Karawitan Gending merupakan salah satu bentuk kesenian yang dalam penyajiannya lebih mengutamakan unsur instrumental atau alat musik.

Karawitan Sekar Gending

Karawitan Sekar Gending adalah salah satu bentuk kesenian yang dalam penyajiannya terdapat unsur gabungan antara karawitan sekar dan gending
Pengertian dari karawitan itu sendiri secara khusus dapat diartikan sebagai Seni Musik Tradisional yang terdapat di seluruh wilayah etnik Indonesia.
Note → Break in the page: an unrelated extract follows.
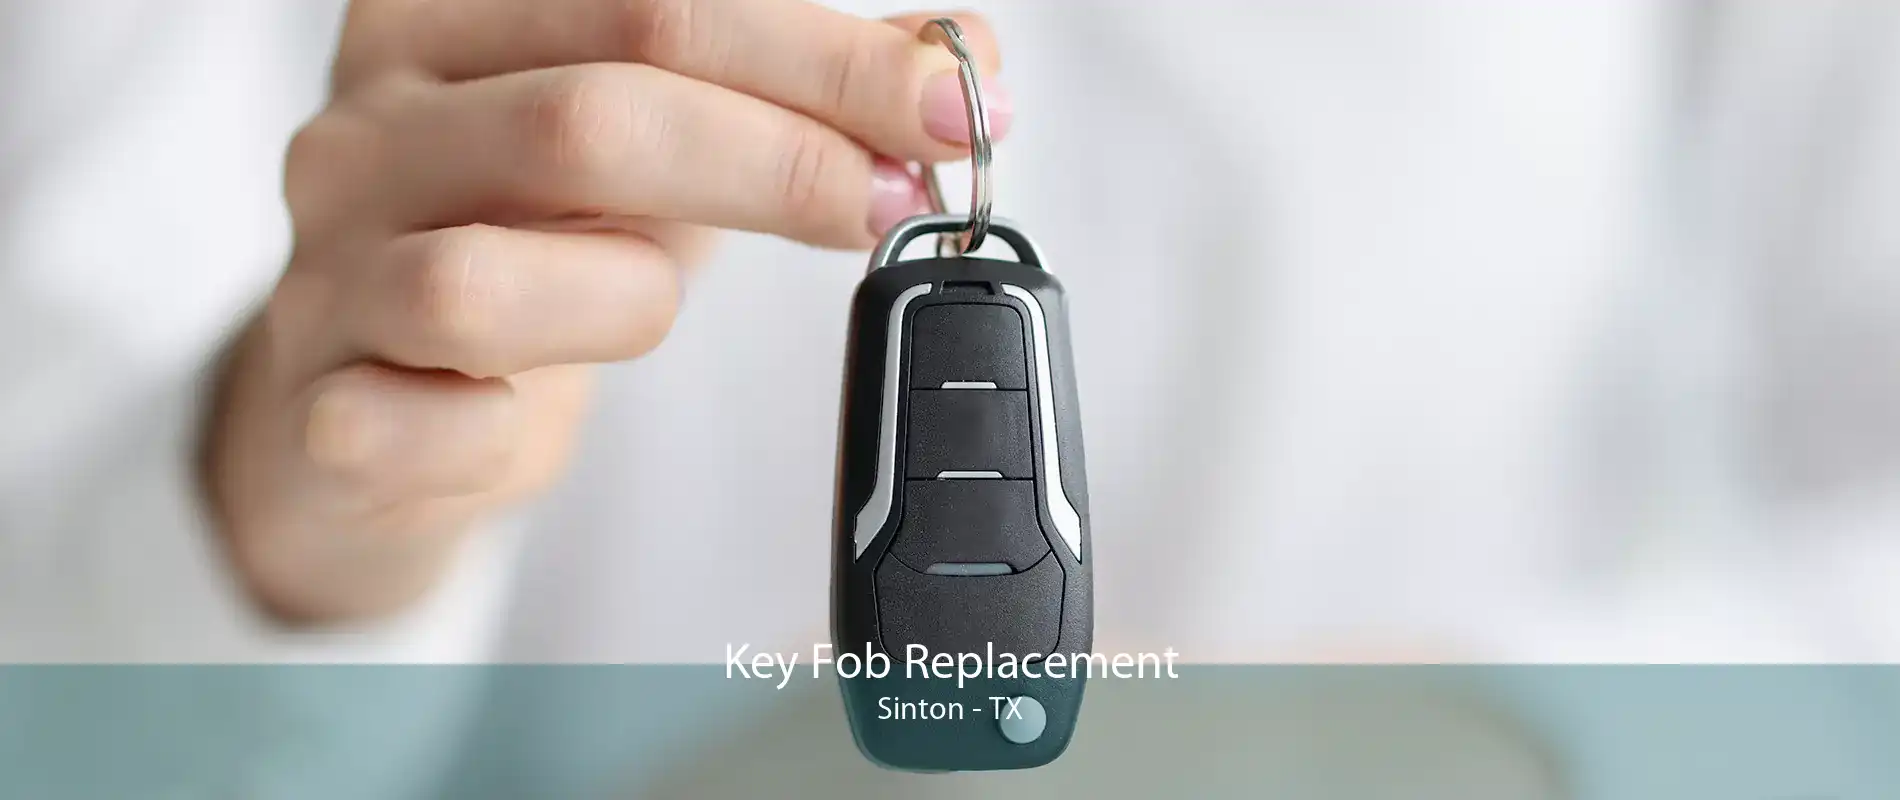 Key Fob Replacement Sinton - TX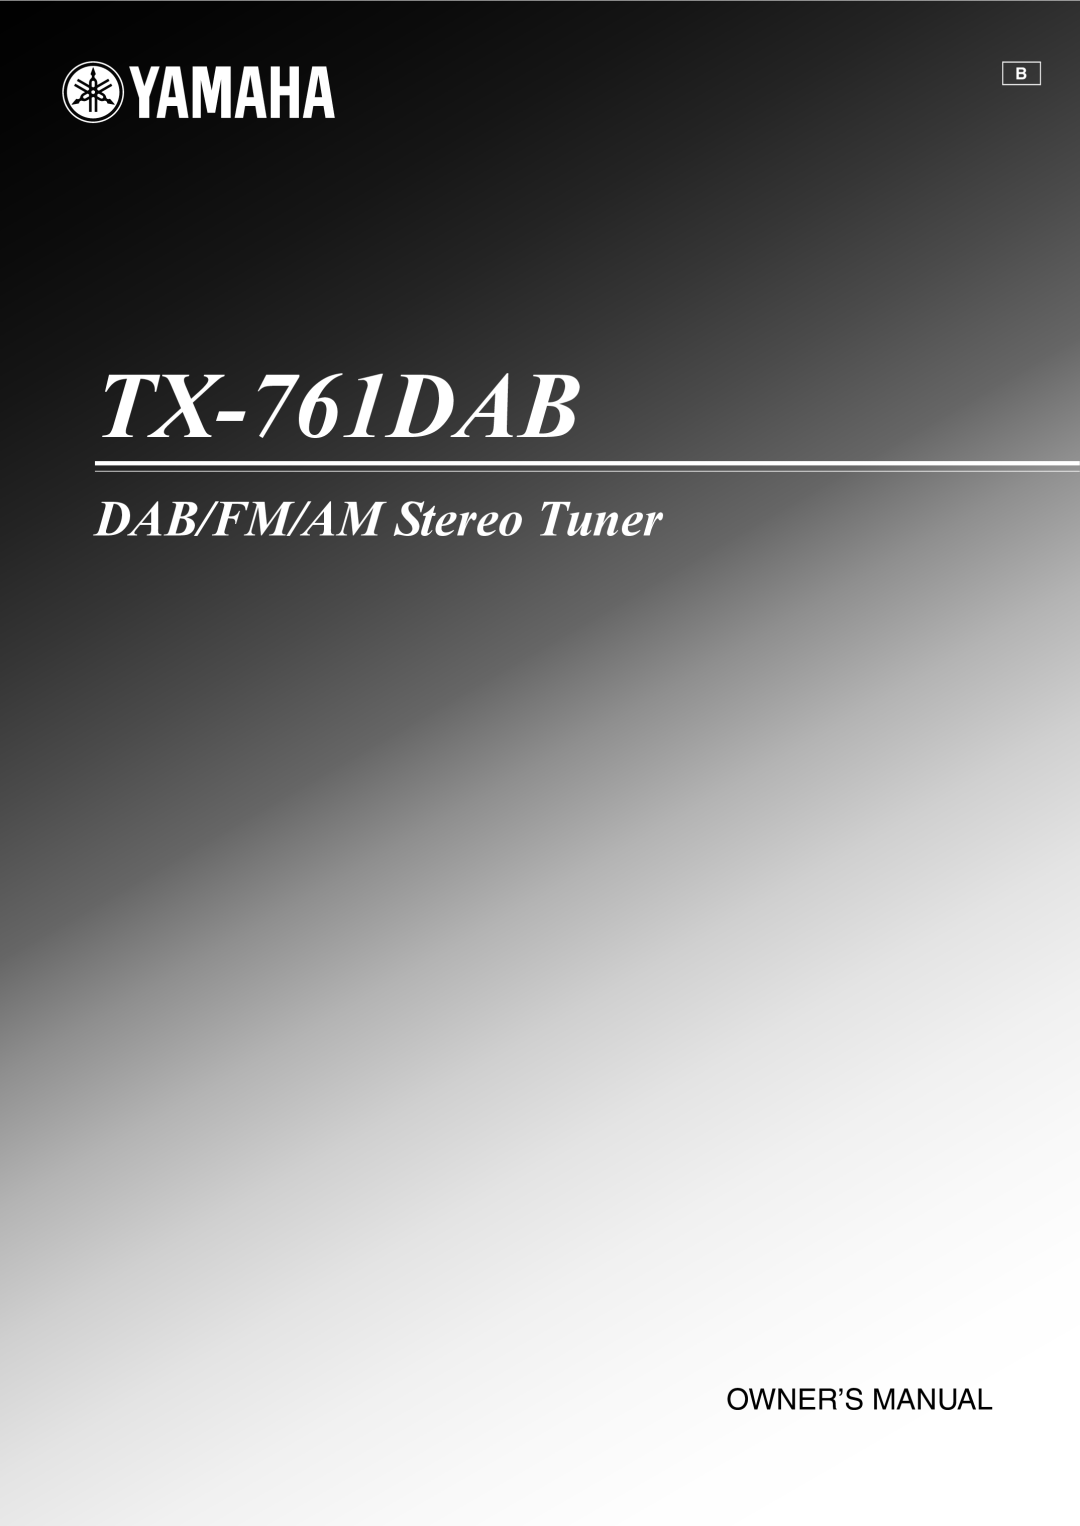 Yamaha TX-761DAB owner manual DAB/FM/AM Stereo Tuner

Penyebaran seni karawitan terdapa di Pulau Jawa, Sumatra, Madura dan Bali. Karawitan memainkan alat musik bernama gamelan, sebagai contoh Gamelan Pelog/Salendro, Gamelan Cirebon, Gamelan Degung dan Gamelan Cianjuran (untuk bentuk sajian ensemble/kelompok). Dalam prakteknya, karawitan biasa digunakan untuk mengiringi tarian dan nyanyian, tapi tidak tertutup kemungkinan untuk mengadakan pementasan musik saja.